Could Professor Elinor Ostrom’s Nobel Prize for Economics betoken a shift in development policies used in Africa? Korir Sing’Oei, an international human rights lawyer with a focus on indigenous and minority rights law and policy, believes Ostrom’s Nobel could have a significant impact on Africa’s poor.
Sing’Oei is co-founder of CEMIRIDE, the Centre for Minority Rights Development in Kenya. Writing in the Pambazuka News, a pan-African website, Sing’Oei points out that Garrett Hardin’s “tragedy of the commons” parable was responsible for spurring the privatization of land rights over the past generation. Development authorities favored access and use of agricultural lands under market-based policies. Sing’Oei writes:
The premise was simple: individualised tenure offers the best certainty in land rights, which provides incentives for sustainable use and facilitates access to credit for investment in agriculture and natural resources, hence contributing to increased productivity and improved natural-resource stewardship.

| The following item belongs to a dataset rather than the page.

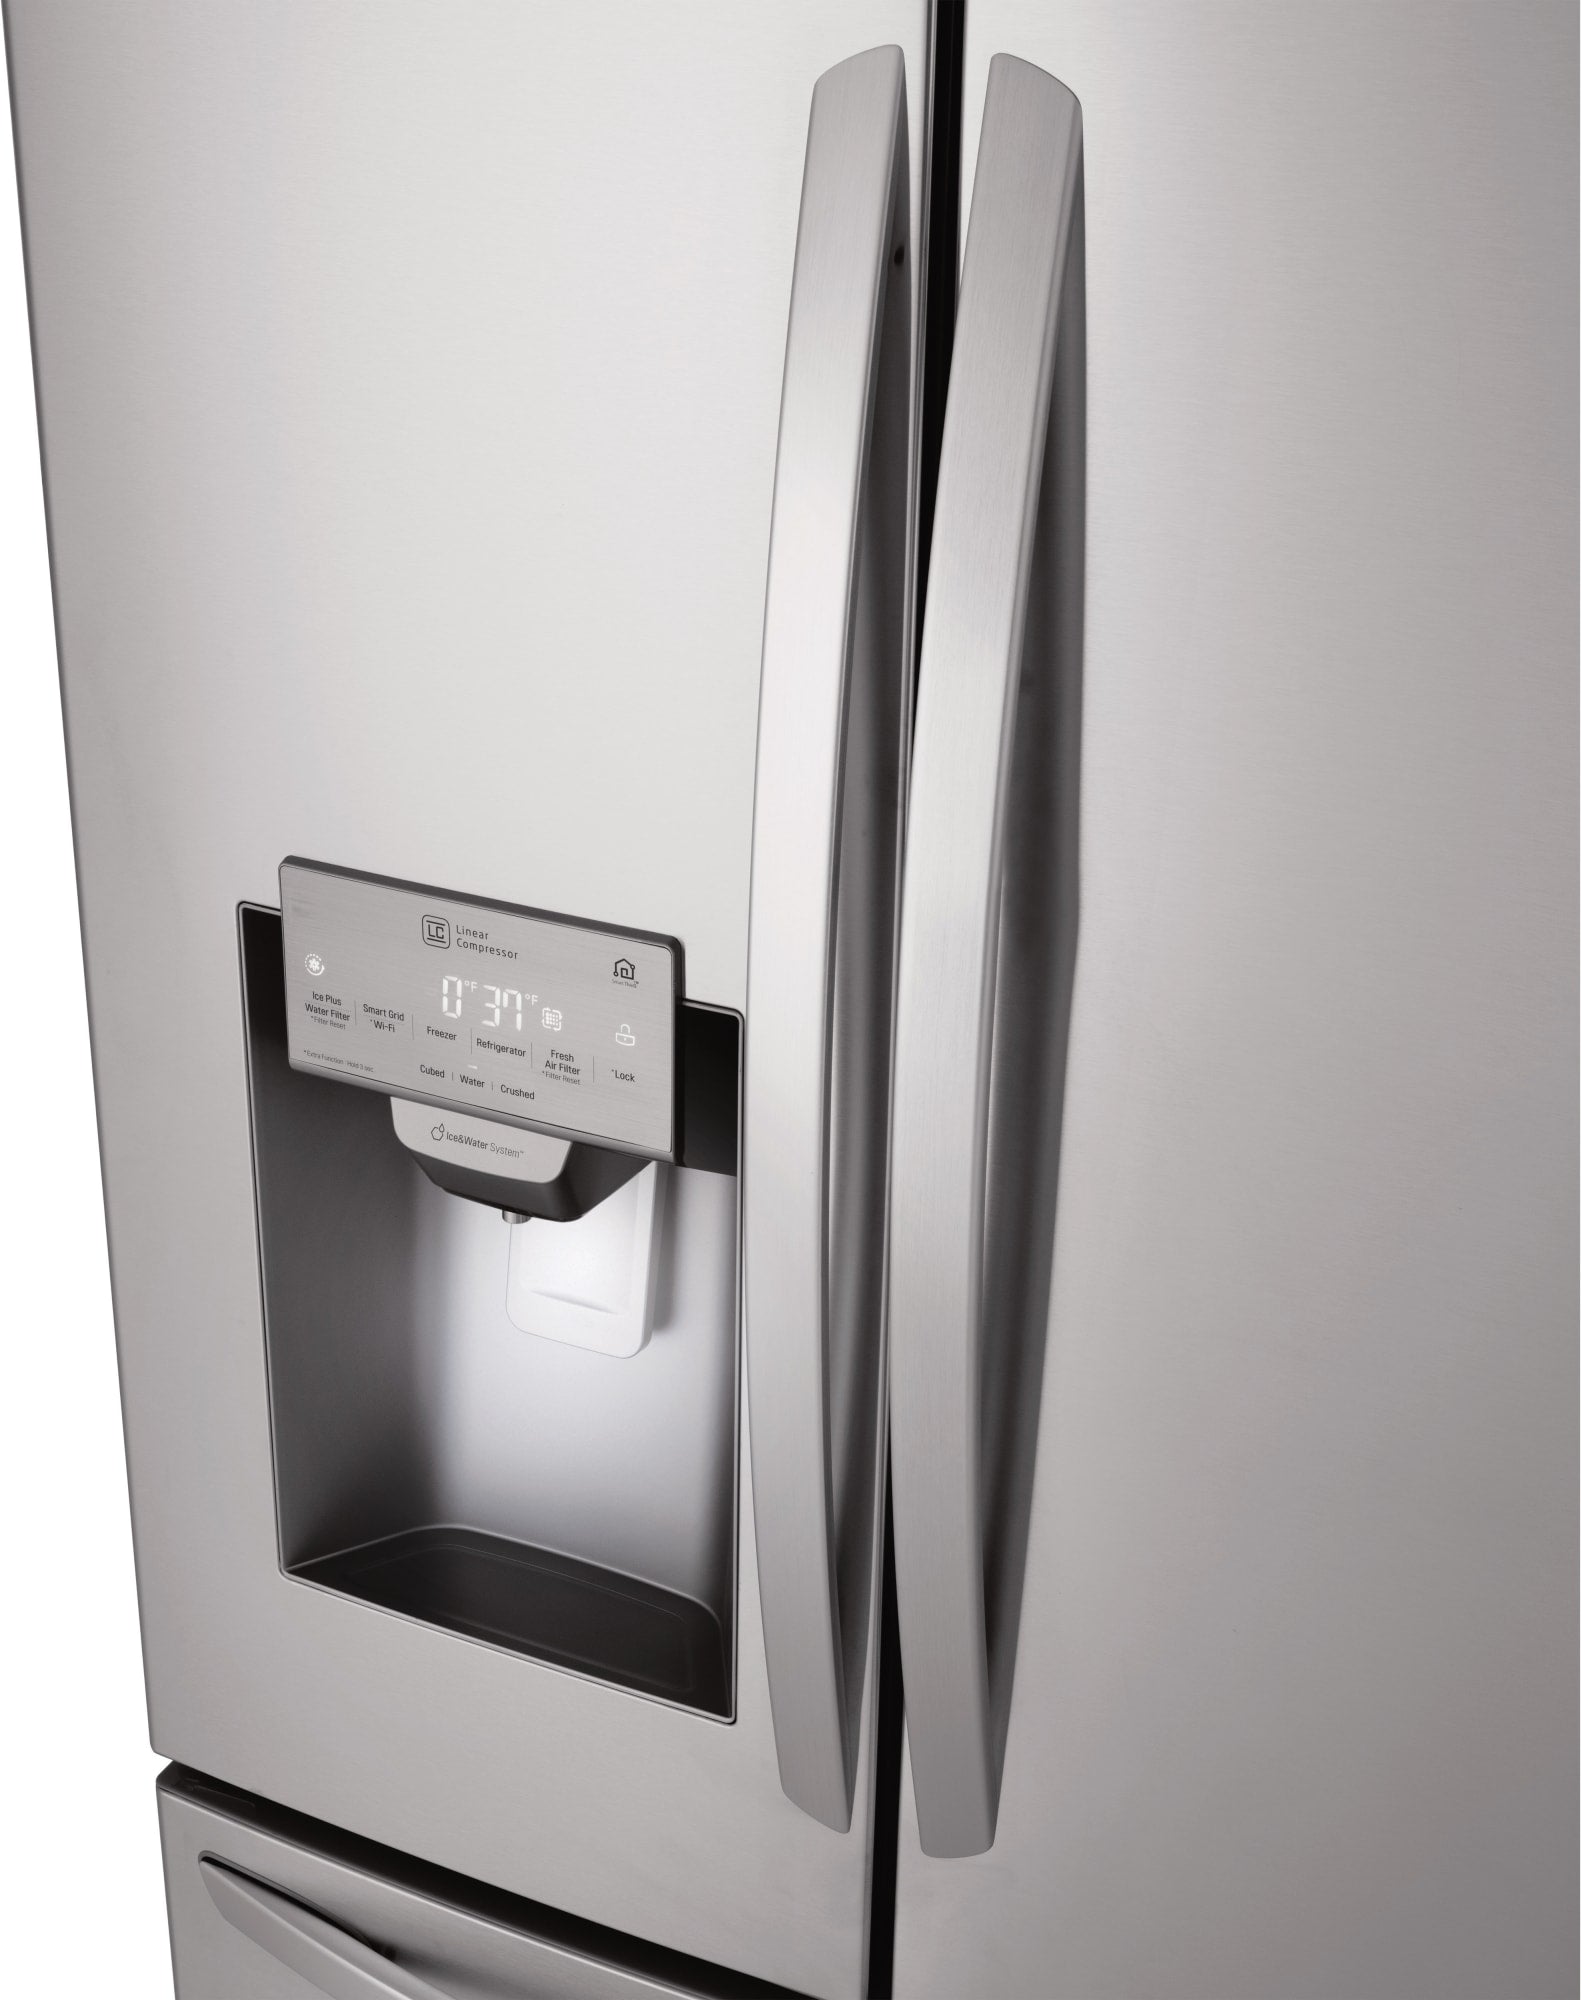 ULine Marine Refrigerator & Ice Maker, 115V - 3.2 cu.ft - 21, White
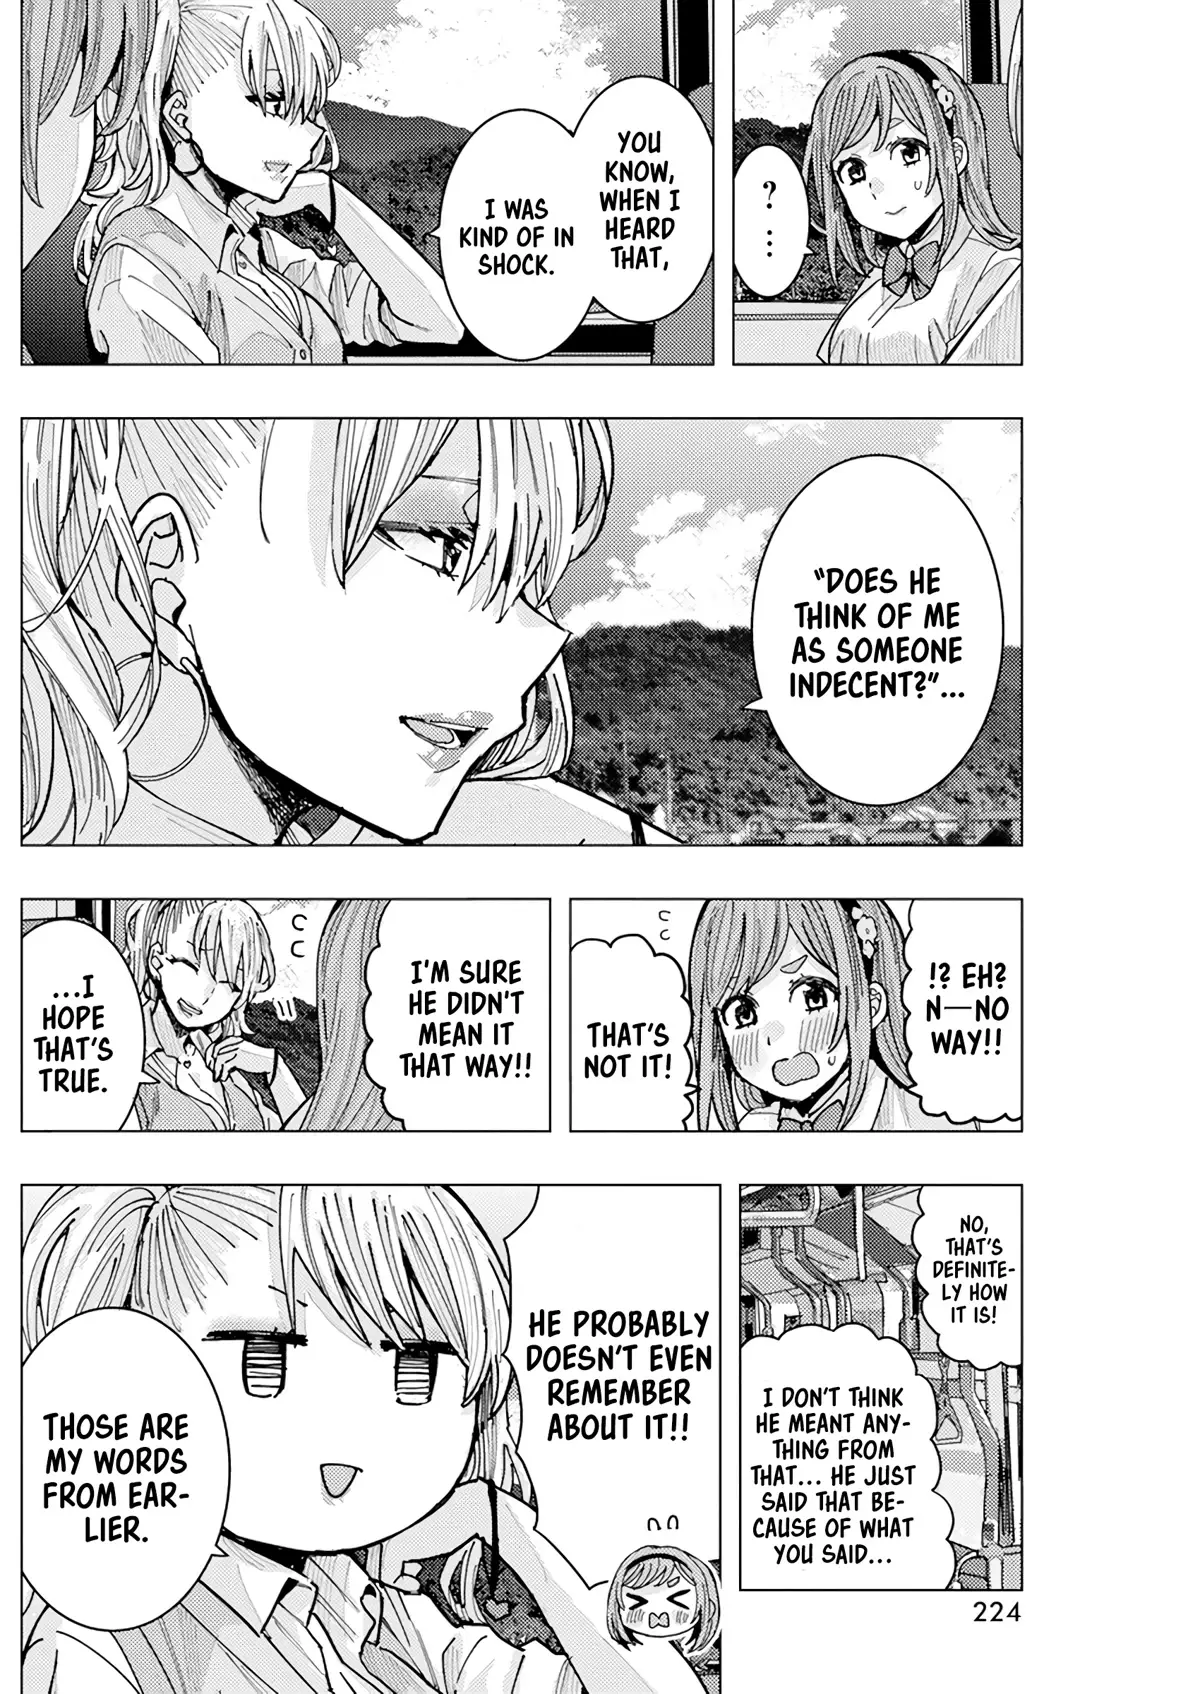 "nobukuni-San" Does She Like Me? - 20 page 9-8567aea0

Evidence now suggests that this individualisation of common property has neither yielded the economic and environmental returns envisaged nor improved living standards for those affected.
Sing’Oei cited a Dutch scholar who studied the privatization of land titles in Keny and found that the amount of grazing land declined by over 40 percent between 1982 and 1990, “leading to increased vulnerability and destitution of pastoralists] not to mention accelerated wanton environmental degradation.”
Ostrom’s Nobel Prize could betoken a paradigm shift in development policies, says Singf’Oei, suggesting that Hardin’s tragedy theory will “no longer be treated with reverential deference.” Instead, there is likely to be more emphasis on cooperative property regimes where resources are “managed from the bottom-up for a shared prosperity, given the right institutions.”
Already, many of the design principles for successful commons can be seen throughout Africa. Sing’Oei notes that the “pastoral codes” used in the Sahelian regions of Africa allow for “the surveying, mapping and recording of ‘all forms of existing and practiced land rights, such as they are perceived and presented by the holders of these rights themselves’. Ostrom’s proposals suggest that while markets can organise production and consumption pretty efficiently, they can only do so when supported and nurtured by networks and communities. In Ostrom’s thesis therefore, private associations often, unaided through the instrumentality of state legislation, have managed to avoid the tragedy of the commons and develop efficient uses of resources.”